Here you’ll find travel reports about Ronda Bullring. Discover travel destinations in Spain of travelers writing a travel blog on FindPenguins.

11 travelers at this place:

  • Day18

    We had a 9:30 a.m. bus to catch so I felt it would be wise to take a taxi to the station to avoid the morning rush hour crowds, and John didn’t argue with me. Surprisingly, the streets were quiet and I noticed that the buses were empty. I concluded that the Spanish aren’t morning people because they eat and drink late into the evening on any day of the week. Also, sunrise isn’t until 8:40 so it is always tough to get out of bed when it is still dark outside. Our 130 km bus ride was uneventful except before leaving the bus station John decided to go to the bathroom and got back a minute before departure time! Passengers are responsible for loading and unloading your own luggage so I had a real struggle with his 50 pound suitcase.

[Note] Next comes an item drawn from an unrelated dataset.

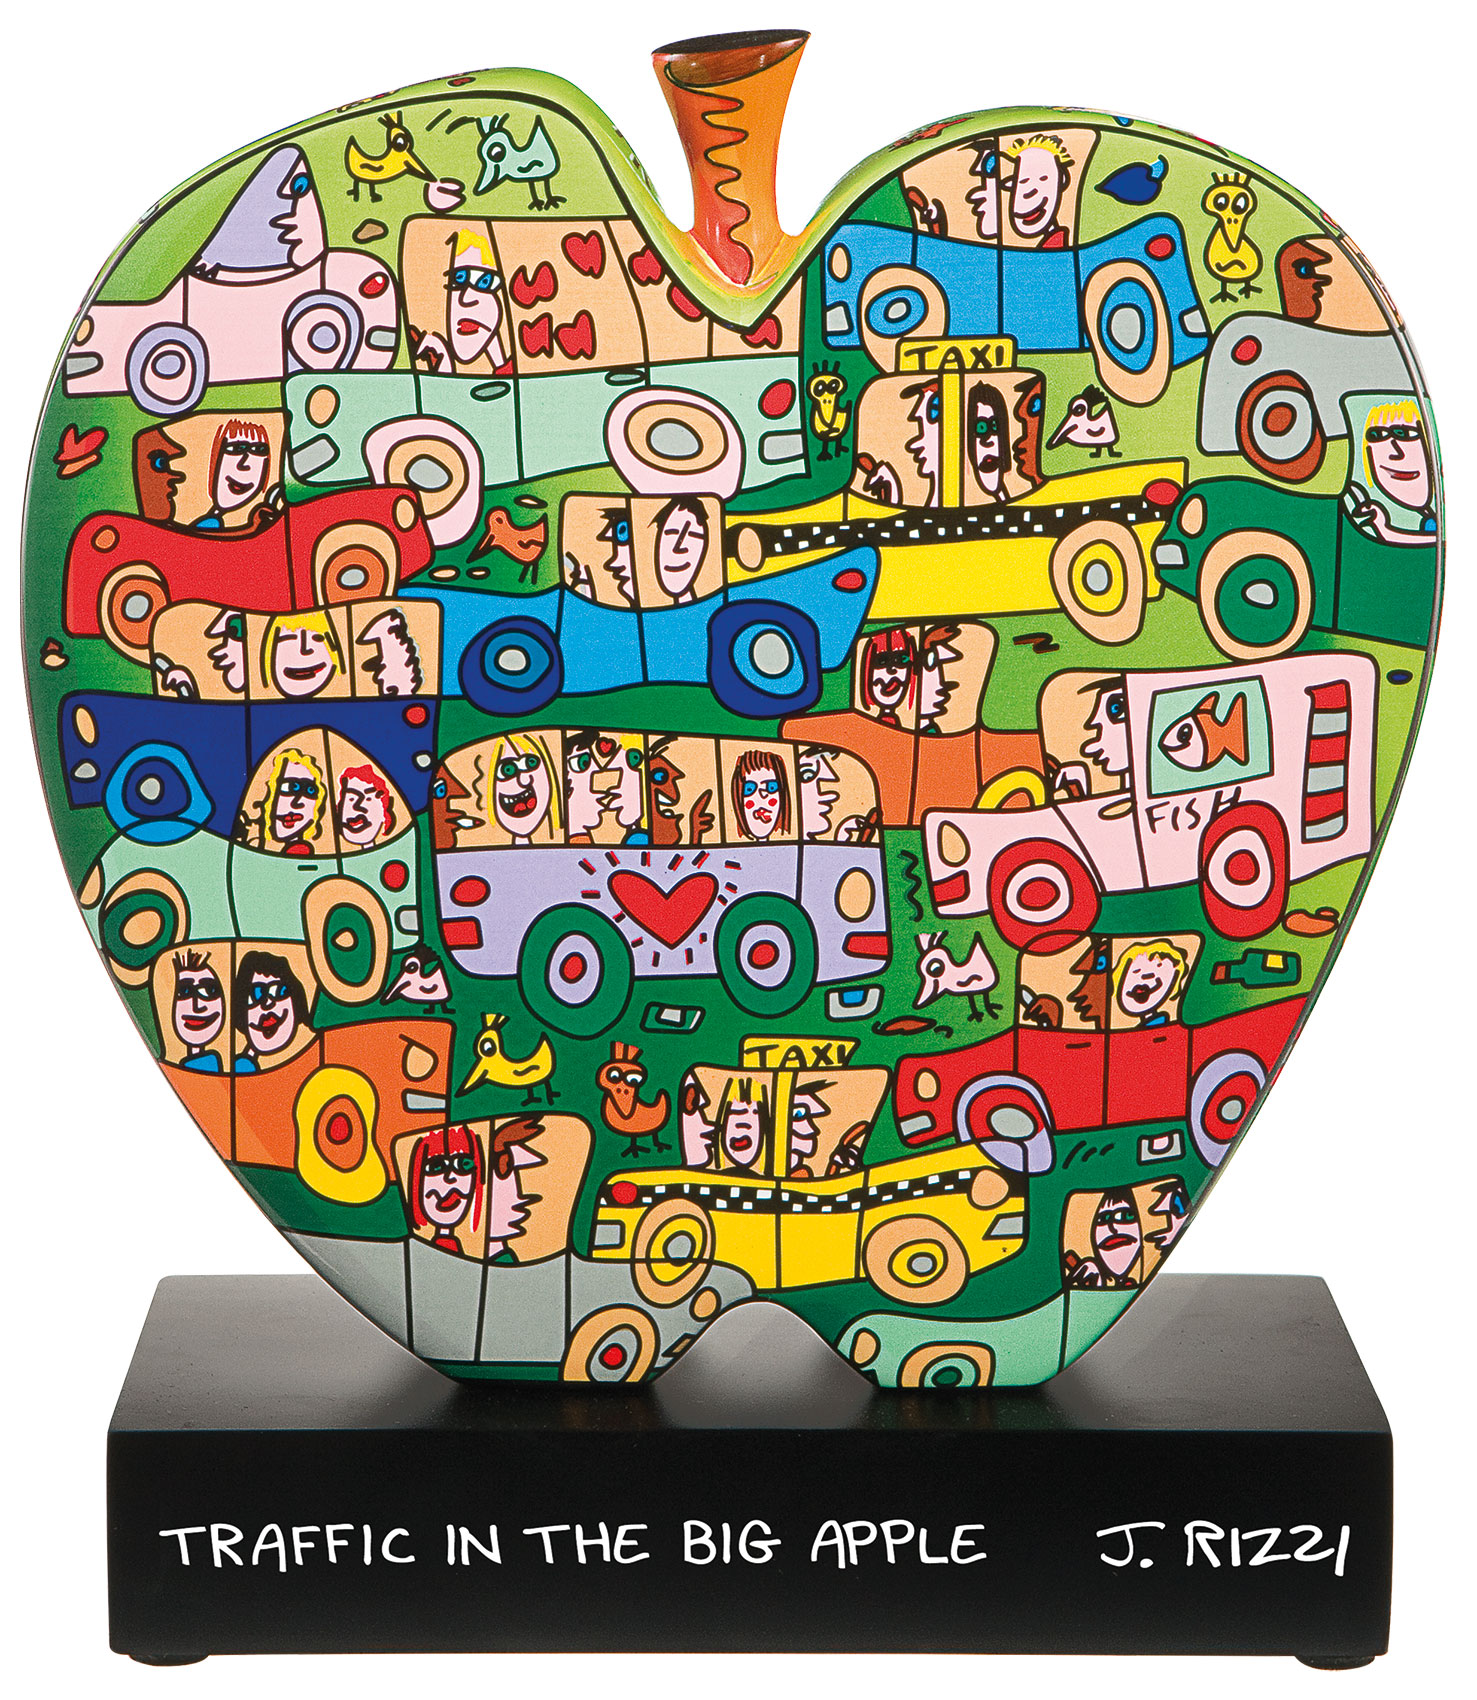 Porcelain object "Traffic in the big apple" by James Rizzi

    The scenery along the two lane narrow highway was pretty with green, rolling hills. We passed several spandex-clad cyclists so this must be a popular route for biking road trips. On arrival in Ronda our hotel was a 20 minute walk. The Catalonia Ronda was a splurge at $120 but we were assigned a two room suite with a view of the hills and bull ring. It has been our nicest hotel so far.

    Ronda has a population of 34,000 and is one of the largest white hill towns, where most of the buildings are whitewashed. Although the town appears to be flat, we walked across the street to an area called the New Bridge and discovered that the town is actually clinging to the walls of a canyon. It was such an amazing sight to see. The sun was shining; it was 23 degrees; and there were two buskers, one playing the harp and the other a guitar and pan flute. What a way to make a good first impression!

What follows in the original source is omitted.